| Raw data |
-*-

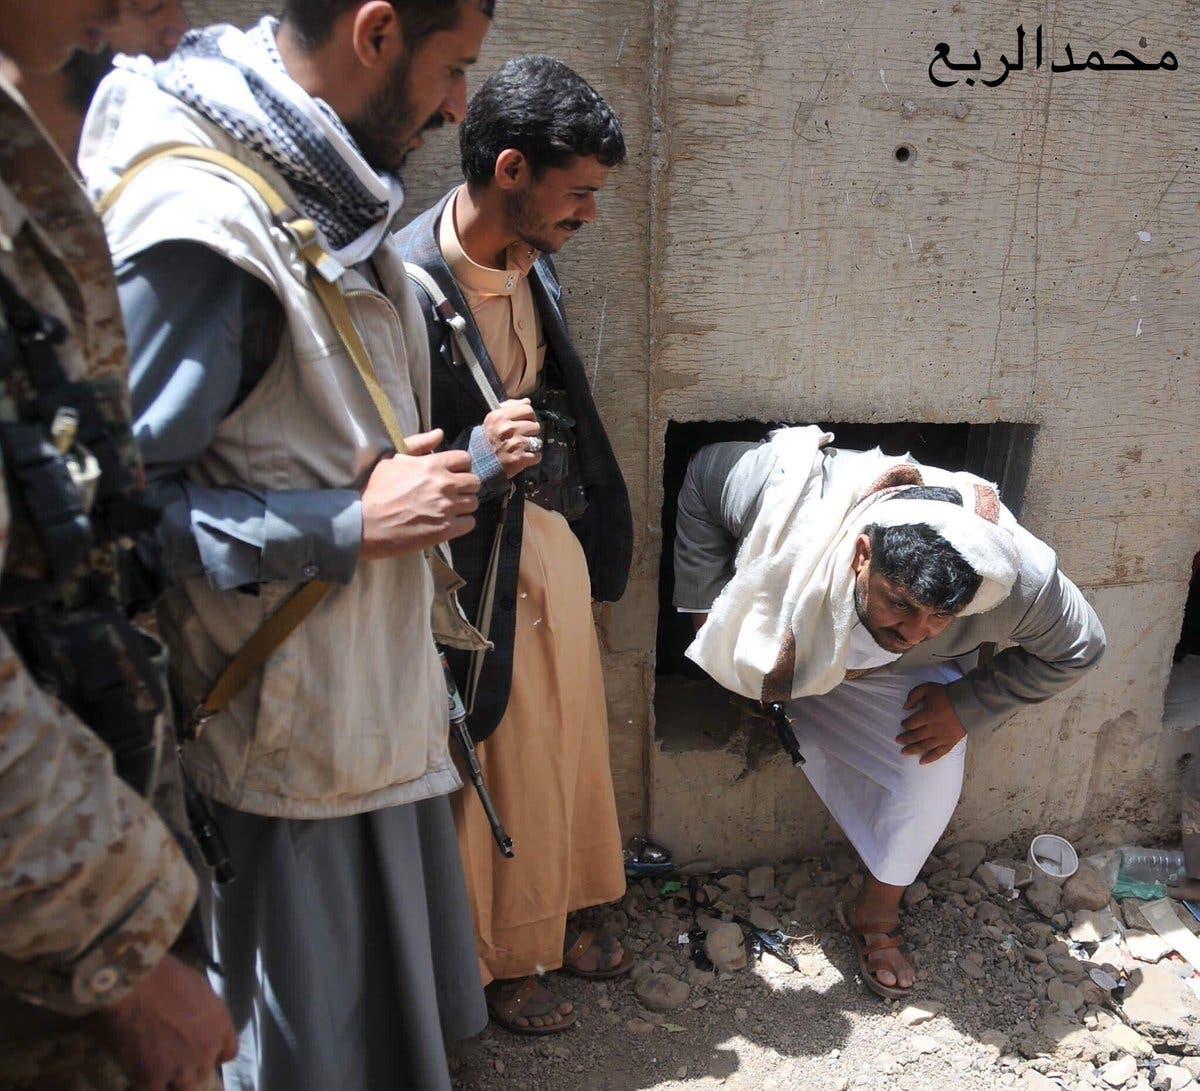 صورة نشرها ناشطون يمنيون لمحمد الحوثي وهو يخرج من مخبئه في صنعاء
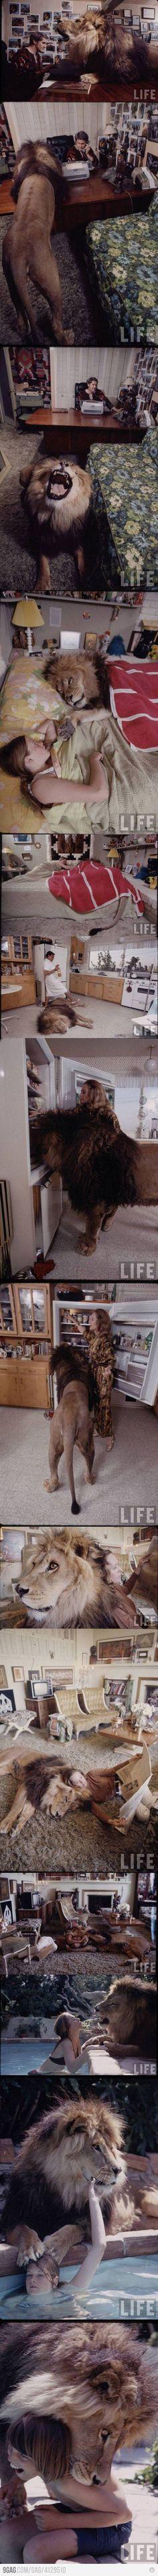 Pet Lion. sweet. lol
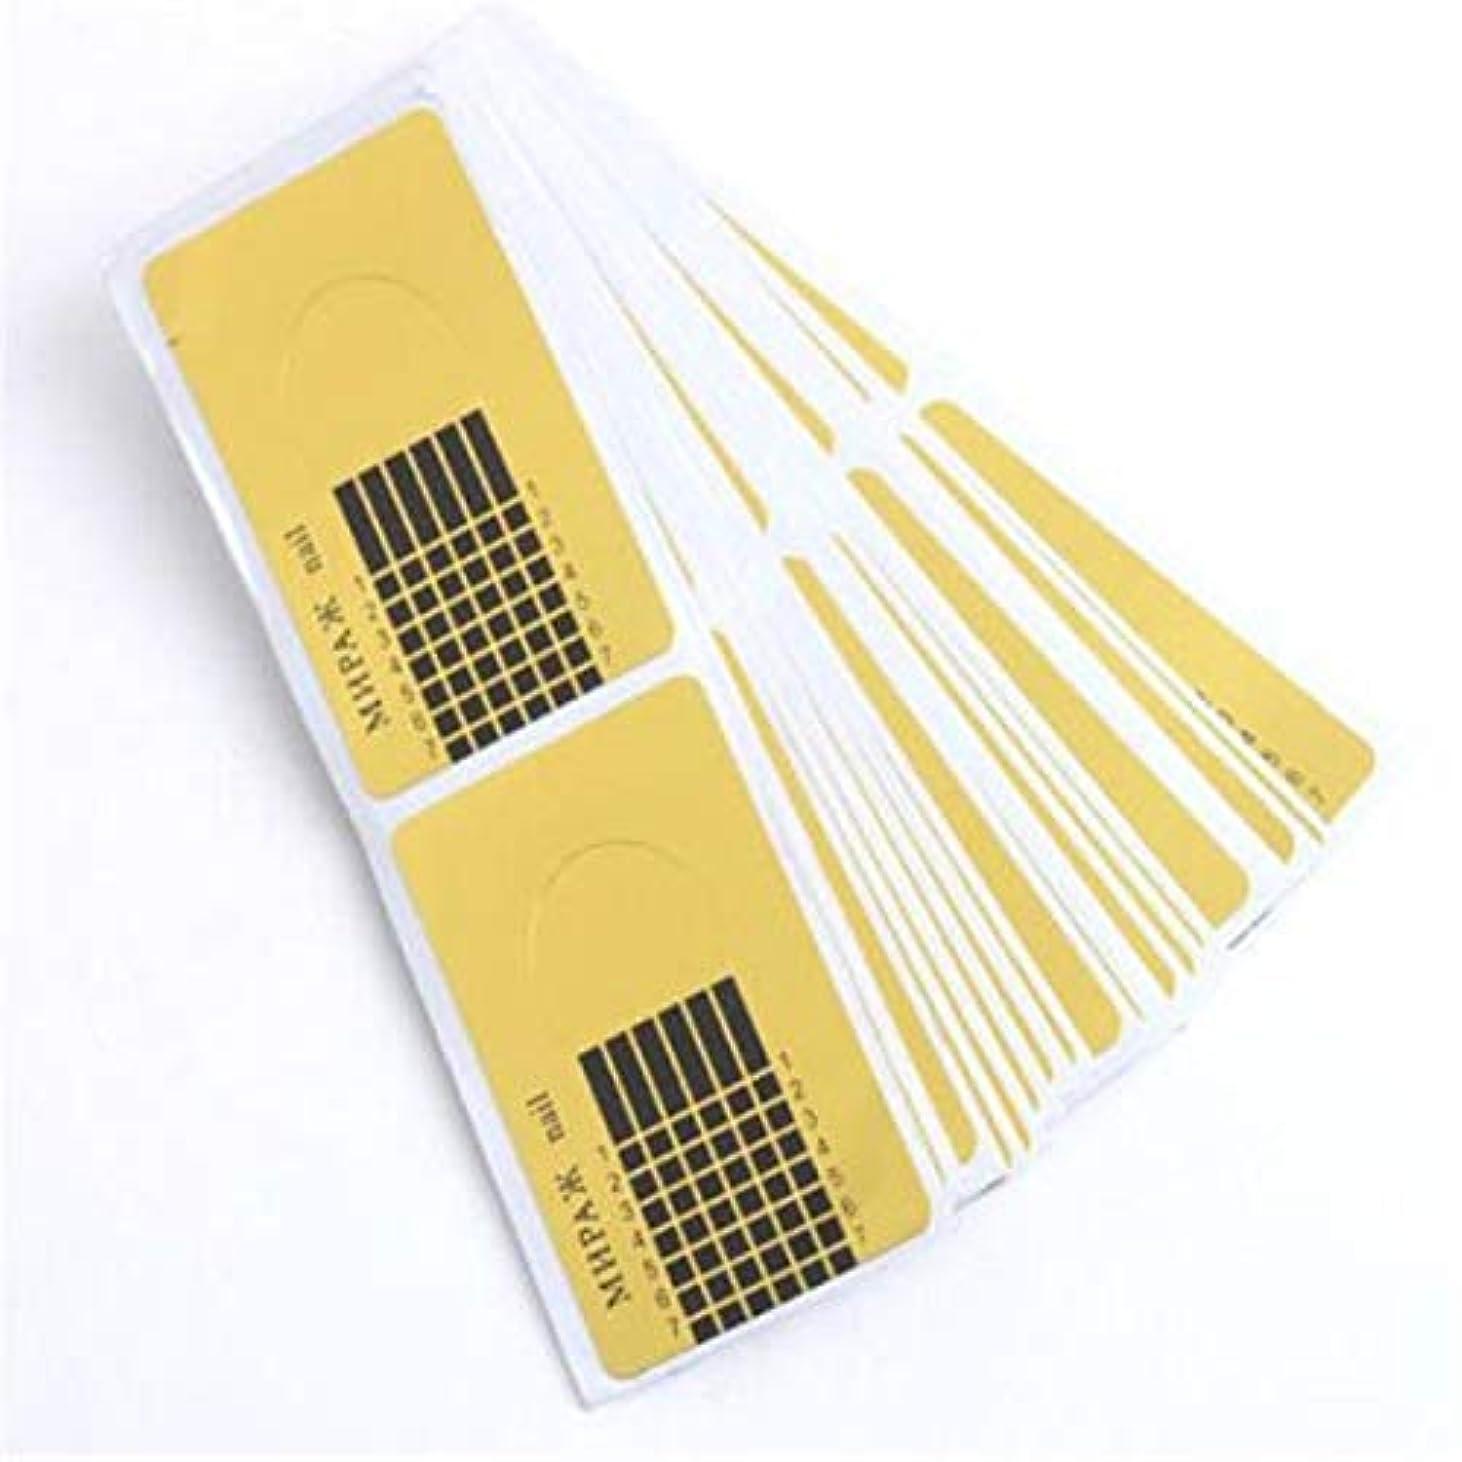 リズミカルなきしむ集中Wadachikis 信頼性デザイン100個新しいコンセプトゴールド昆虫タイプ指トリートメント爪サポートクリスタル特殊ホルダー(None golden)

-*-

| Instructions for the task |
Print only the lines from the line that contains "Pet Lion. sweet. lol" to the final line of the data, inclusive. Pictures stay out.

| Task output |
 Pet Lion. sweet. lol
 リズミカルなきしむ集中Wadachikis 信頼性デザイン100個新しいコンセプトゴールド昆虫タイプ指トリートメント爪サポートクリスタル特殊ホルダー(None golden)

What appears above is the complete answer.